| HN Mirror

Y	Hacker News new \| ask \| show \| jobs


	by extr 396 days ago
	I find Gary's arguments increasingly semantic and unconvincing. He lists several examples of how LLMs "fail to build a world model", but his definition of "world model" is an informal hand-wave ("a computational framework that a system (a machine, or a person or other animal) uses to track what is happening in the world"). His examples are lifted from a variety of unclear or obsolete models - what is his opinion of O3? Why doesn't he create or propose a benchmark that researchers could use to measure progress of "world model creation"? What's more, his actual point is unclear. Even if you simply grant, "okay, even SOTA LLMs don't have world models", why do I as a user of these models care? Because the models could be wrong? Yes, I'm aware.
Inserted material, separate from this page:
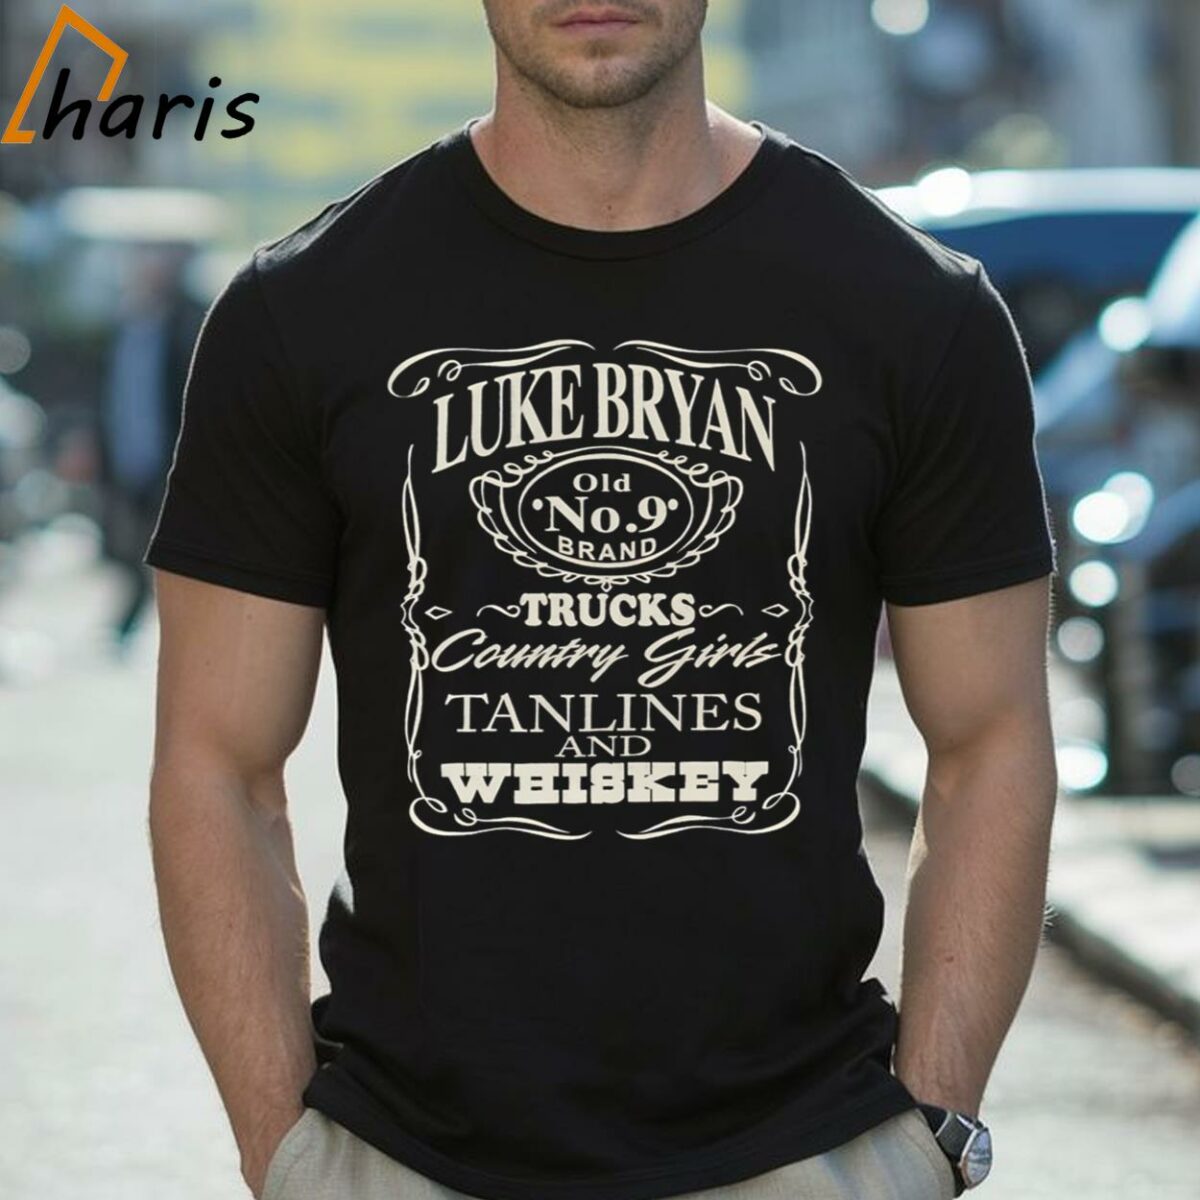 Luke Bryan Concert Shirt Black Kill Lights Tee Trucks Tanlines Whiskey 2 Shirt

Nevertheless, I'm still deriving subtantial personal and professional value from the models as they stand today.

2 comments

voidhorse 396 days ago

I think the point is that category errors or misinterpreting what a tool does can be dangerous.

Both statistical data generators and actual reasoning are useful in many circumstances, but there are also circumstances in which thinking that you are doing the latter when you are only doing the former can have severe consequences (example: building a bridge).

If nothing else, his perspective is a counterbalance to what is clearly an extreme hype machine that is doing its utmost to force adoption through overpromising, false advertising, etc. These are bad things even if the tech does actually have some useful applications.

As for benchmarks, if you fundamentally don't believe that stochastic data generation leads to reason as an emergent property, developing a benchmark is pointless. Also, not everyone has to be on the same side. It's clear that Marcus is not a fan of the current wave. Asking him to produce a substantive contribution that would help them continue to achieve their goals is preposterous. This game is highly political too. If you think the people pushing this stuff are less than estimable or morally sound, you wouldn't really want to empower them or give them more ideas.

NitpickLawyer 396 days ago

> If nothing else, his perspective is a counterbalance to what is clearly an extreme hype machine that is doing its utmost to force adoption through overpromising, false advertising, etc. These are bad things even if the tech does actually have some useful applications.

In other words, overhyped in the short term, underhyped in the long term. Where short and long term are extremely volatile.

Take programming as an example. 2.5 years ago, gpt3.5 was seen as "cute" in the programming world. Oh, look, it does poems and e-mails, and the code looks like python but it's wrong 9 times out of 10. But now a 24B model can handle end-to-end SWE tasks in 0-shot a lot of the times.

nmadden 395 days ago

The improvements in programming are largely due to the adoption of “agentic” architectures. This is really a hybrid neural-symbolic approach: the symbolic part being the interpreter/compiler. Effectively the LLM still produces an almost-correct-but-wrong program and then the compiler “fact-checks” it and then the LLM basically local-searches its way from there to something that passes the compiler. (If you want to be disabused of the idea that LLMs on their own are good at programming, just review the “reasoning” log of one trying to fix a simple string | undefined error in Typescript).

It seems clear to me therefore that further improvements in programming ability will not come from better LLM models (which have not really improved much), but from better integration of more advanced compilers. That is, the more types of errors that can be caught by the compiler, the better chance of the AI fuzzing its way to a good overall solution. Interestingly, I hear anecdotally that current LLMs are not great at writing Rust, which does have an advanced type system able to capture more types of errors. That’s where I’d focus if I was working on this. But we should be clear that the improvements are already largely coming via symbolic means, not better LLMs.

I wrote some notes about a year ago about the irony of LLMs being considered a refutation of GOFAI when they are actually now firmly recapitulating that paradigm: https://neilmadden.blog/2024/06/30/machine-learning-and-the-...

NitpickLawyer 395 days ago

> The improvements in programming are largely due to the adoption of “agentic” architectures.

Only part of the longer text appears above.